On the origin of the fear

I am five years old – again – and at my grandmother’s funeral. Nana was her name. The church is full. Everyone liked her; wherever she went, people smiled. They trusted her and they laughed with her.

I sit with my parents. The three of us have a pew to ourselves at the front of the church because we were her closest family. I’ve never seen Mum cry before; she makes gentle sounds, and she bites her lip and squeezes the white handkerchief in her fist and her knuckles become the colour of candles. Dad looks around at the other people; he nods and winks at those he knows. He comes here every Sunday, so some of these people are his friends.

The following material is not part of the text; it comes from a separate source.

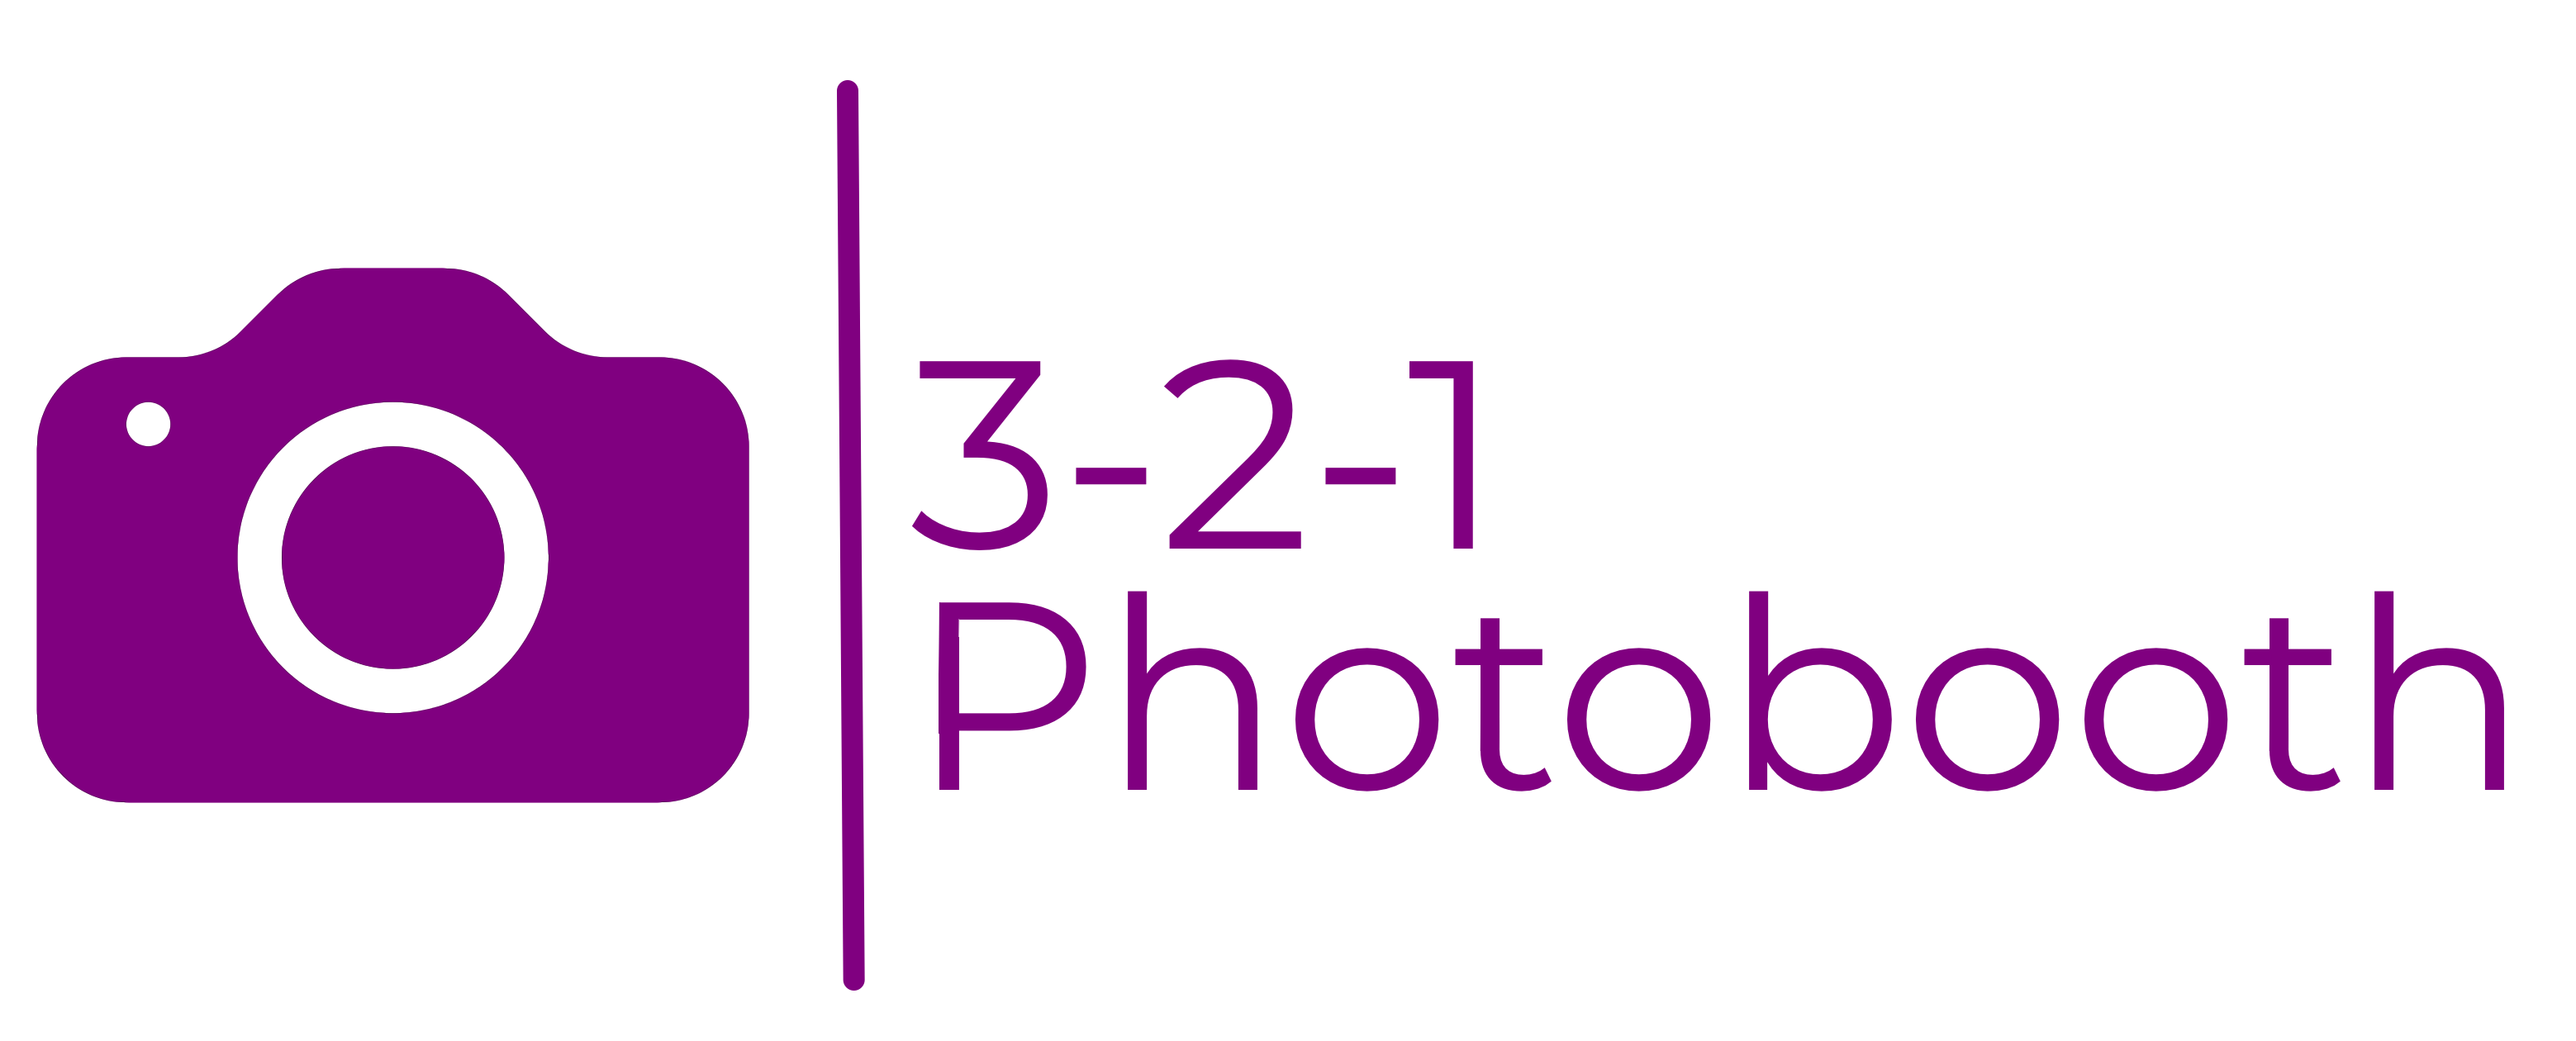 321 Photoobooth

Everyone is dressed in black, but I have a blue shirt on. I don’t have any black clothes. Mum says I look better in colours. Black is not a colour, I guess.

The priest tells us it’s time for the first hymn; it was Nana’s favourite. I try to sing along but I don’t know the words. This is unlike the music I know. My parents won’t share the hymn book with me. They hold it over my head. I hum as loud as I can. If everyone stopped singing now – all at once – they’d hear me. Someone would ask where the beehive was. Nana would have liked that joke, and this makes me smile.

We are sat in the front row of the church. Nana’s box – her coffin – is almost within reach. I have already touched it. The hardwood sounds like a front door when it is tapped. I knocked on it a few times as people came into the church. No one knocked back. No one was meant to. Nana is dead, which means she is gone and shouldn’t knock back.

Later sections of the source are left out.